この他にも、例えば歌人であれば、同じ秀郷流の出であることから平泉と交流のあった歌人、西行を忘れてはなるまい。
政治・戦争の歴史でいえば、南北朝期に後醍醐天皇の南朝重心として、欧州に勢力圏を形成して京都進撃を画策した北畠顕家がある。
彼は、国守として奥州に下行して勢力圏を気付いて以来、本拠地である伊勢と奥州を股にかけて足利など北朝勢力を挟撃しようとしたのである。

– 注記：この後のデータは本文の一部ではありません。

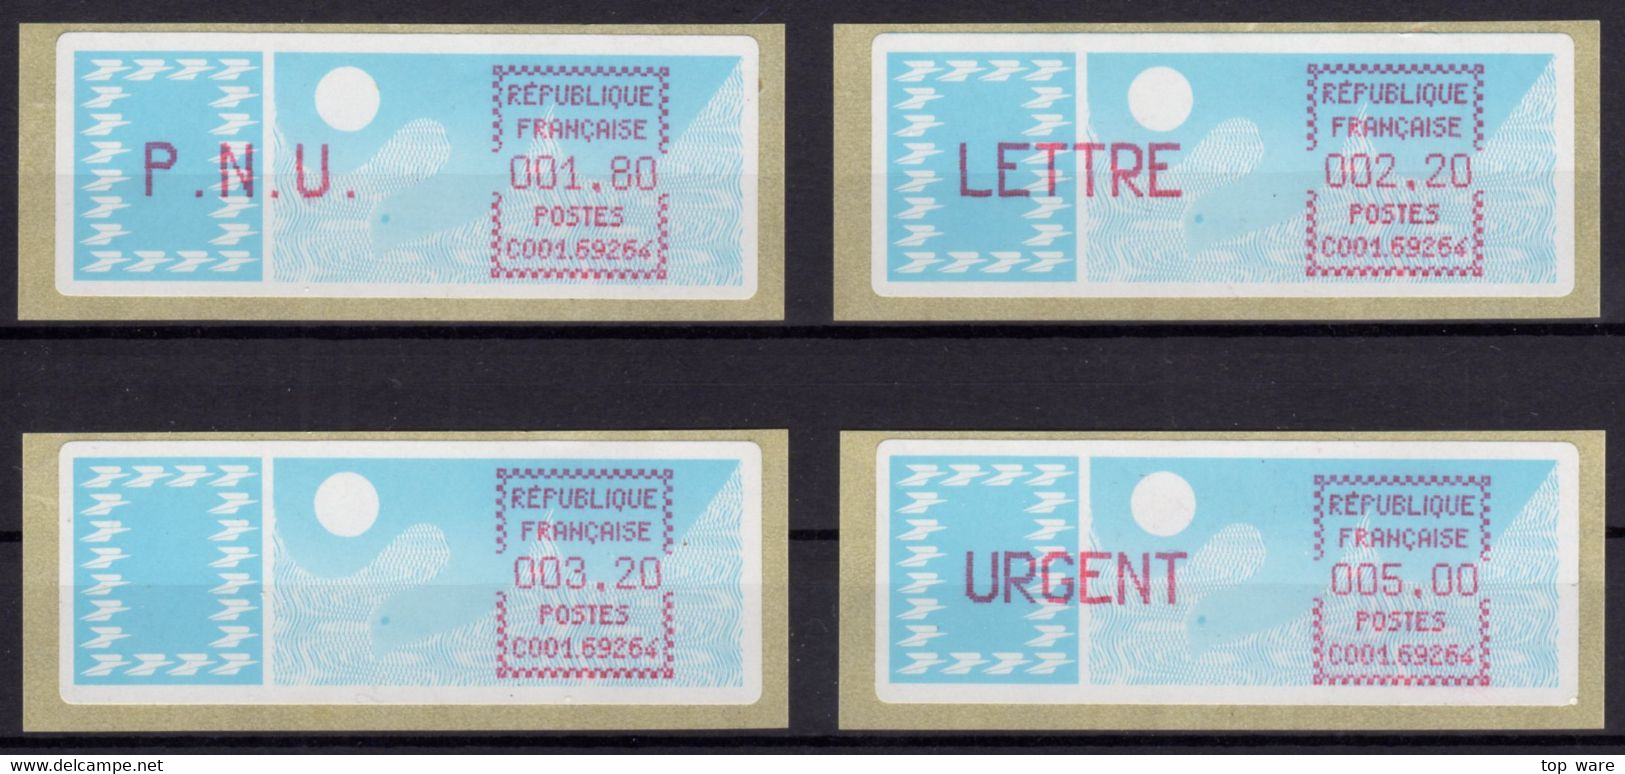 France ATM Stamps C001.69264 Michel 6.5 Zd Series ZS2 Neuf / MNH / Crouzet LSA Distributeurs Automatenmarken Frama Lisa - 1985 Carta « Carrier »

こうした資料への言及もあればより面白かったかもしれない。
北海道は桜が咲き始めるか否かであったが、平泉は桜が散り際であった。
新幹線などの鉄道で南下すると、季節の移ろいが感じやすく風情がある。
中尊寺の本堂である。
中尊寺は特殊な寺のようで、本堂が寺の本体のようではあるが、中世期には、「金色堂別当」なる職があったようだ。
金色堂だけで独立した荘園経営主体だったようで、一関市に今でも原型を残す旧荘園、骨寺村などを有していたという。
金色堂の撮影はできない。
しかし、見て損はない。
わざわざ平泉に寄り道してでも見るべきである。
漆の上に金箔を張り巡らせた外観はもちろん、内装の螺鈿細工と仏像群は必見である。
あれほど全面に、それも東南アジア産のヤコウガイの螺鈿細工を施す。平安末期の物流の繁栄ぶりを感じずにはいられない。
平泉からは、多くの瀬戸常滑や渥美の焼き物が出ている。青磁白磁の類もある。
後の北畠の動員力などを考えても、太平洋側航路がかなり昔から活発に開発されていたことがわかる。